The implementation emphasizes:

Cohort-level transparency for auditability and model governance
Vectorized numerical computation for efficiency and scalability
Flexible aggregation across segments using exposure-based or observation-based weights

The resulting PD term structures can be directly used in Stage 1 and Stage 2 ECL Calculation. The project is intended to serve as a practical reference implementation for credit risk practitioners, model developers, and validators, rather than a black-box model. All calculations are made explicit, facilitating validation, backtesting, and model explainability.

Project Structure

pd_cohort_model/
├── models/          #Trainned model and parameters (pkl.)
│   ├── actual_cumulative_odr.pkl
│   ├── chain_cumulative_odr.pkl
│   ├── w_avg_chain_cumulative_odr.pkl
│   ├── w_avg_gamma_cumulative_odr.pkl
│   ├── w_avg_gamma_parameters.pkl
│   ├── unbias_cumulative_odr.pkl
│   ├── fwl_model.pkl
│   └── pit_cumulative_lifetime_pd.pkl  
├── notebooks/
│   ├── 01_data_preparation.ipynb
│   ├── 02_chaid_segmentation.ipynb
│   ├── 03_base_cohort.ipynb
│   ├── 04_fwl_model.ipynb
│   └── 05_lifetime_calibration.ipynb
├── src/
│   ├── data_prep.py
│   ├── segment_support.py
│   ├── base_builder.py
│   ├── regression_model.py
│   ├── curve_calibration.py
│   ├── stats_testing.py
│   └── plot_function.py
├── data/          
│   ├── processed/
|   |   ├── train_data.parquet          #Not tracked by git
|   |   ├── cohort_count.parquet
|   |   ├── unbias_odr.parquet
|   |   ├── monthly_odr.parquet
|   |   └── mev_transformed.parquet
│   └── raw/
|   |   ├── usedcar_transaction_score.parquet          #Not tracked by git
|   └── └── mev_data.csv
├── requirements.txt
└── README.md

Project Details

0. Model Segmentation

Note: The model segementation is only illustrative proposed. The full annlysis will be performed in another repository.

MOB	DPD	B-Score	Segment
<=6	0		segment_0
<=6	1-30		segment_1
<=6	31-60		segment_2
<=6	60-90		segment_3
>6		B1	segment_4
>6		B2	segment_5
>6		B3	segment_6
>6		B4	segment_7
>6		B5	segment_8
>6		B6	segment_9
>6		B7	segment_10
>6		B8	segment_11

1. Unbias Model

1.1 Cohort Building

Cohort Based Default Measurement: Exposures are segmented into homogeneous cohorts defined at observation point (e.g., vintage, product type, risk band). For each cohort, default events are tracked over time since observation point to construct marginal and cumulative default "triangles" forming the empirical basis for lifetime PD estimation under an IFRS 9 consistent default definition.

1.2 Chain-Ladder

Chain‑Ladder Pattern Projection: Observed cohort default triangles are now run-off triangles. Given this fact that the more recent period, the less lifetime windows for tracking default. To fill the triangles, using chain‑ladder (development factor) methodology to extrapolate incomplete default histories. This produces projected ultimate cumulative lifetime PD for each cohort, enabling consistent estimation even for recently originated (immature) portfolios.

1.3 Gamma Fitting

Note: The Gamma distribution can be replaced by other statistic disctributions such as Weibull distribution. Or even mathematical formula e.g., Nelson Siegel but it needs to transform into correct basis. In this repository, the Gamma distribution is leveraged.

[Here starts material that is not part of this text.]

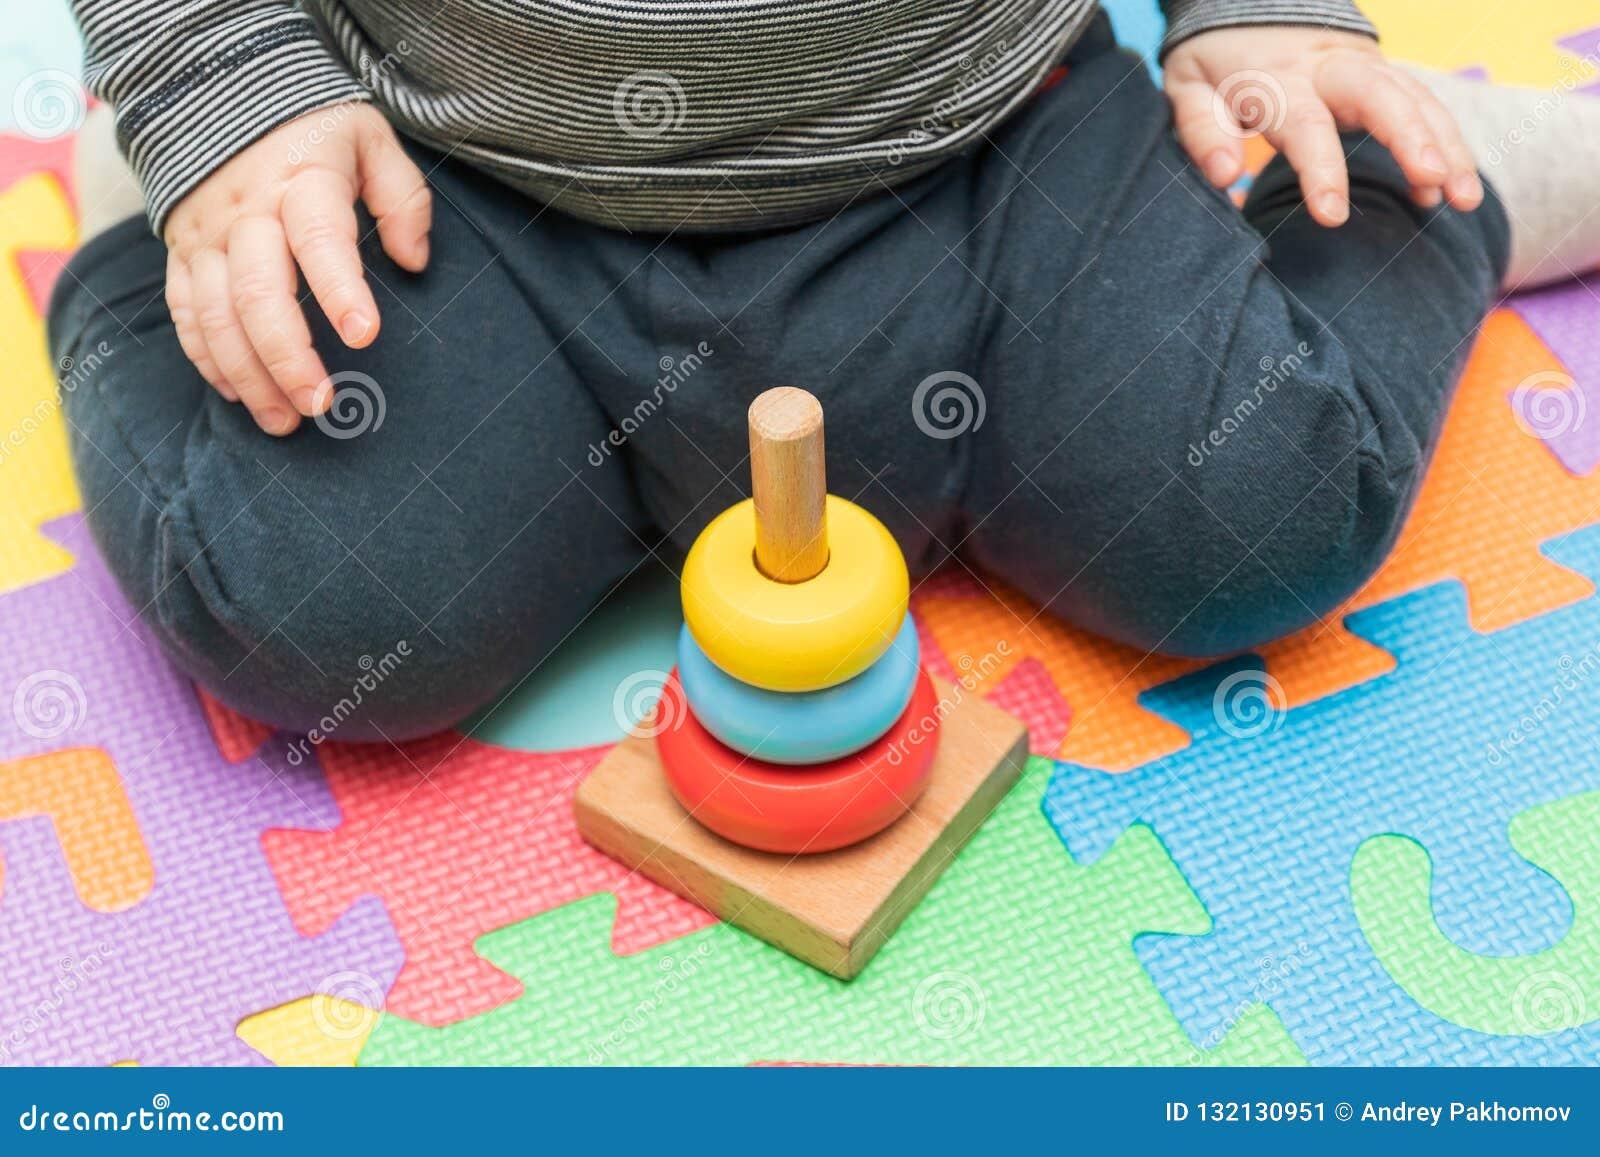 Μια μικρή συνεδρίαση αγοριών σε ένα χαλί παιχνιδιού, συλλέγει μια πολύχρωμη πυραμίδα των παιδιών τα εκπαιδευτικά παιχνίδια για τα

Parametric Model via Gamma Distribution: A Gamma distribution is fitted to the projected (extended) cumulative PD term structure for each cohort to remove sampling noise, enforce monotonicity, and obtain a smooth, stable PD curve. In the step, the segments from cohort built might be groupped as a pool level in case those segments are unable to build a stable curve by its own.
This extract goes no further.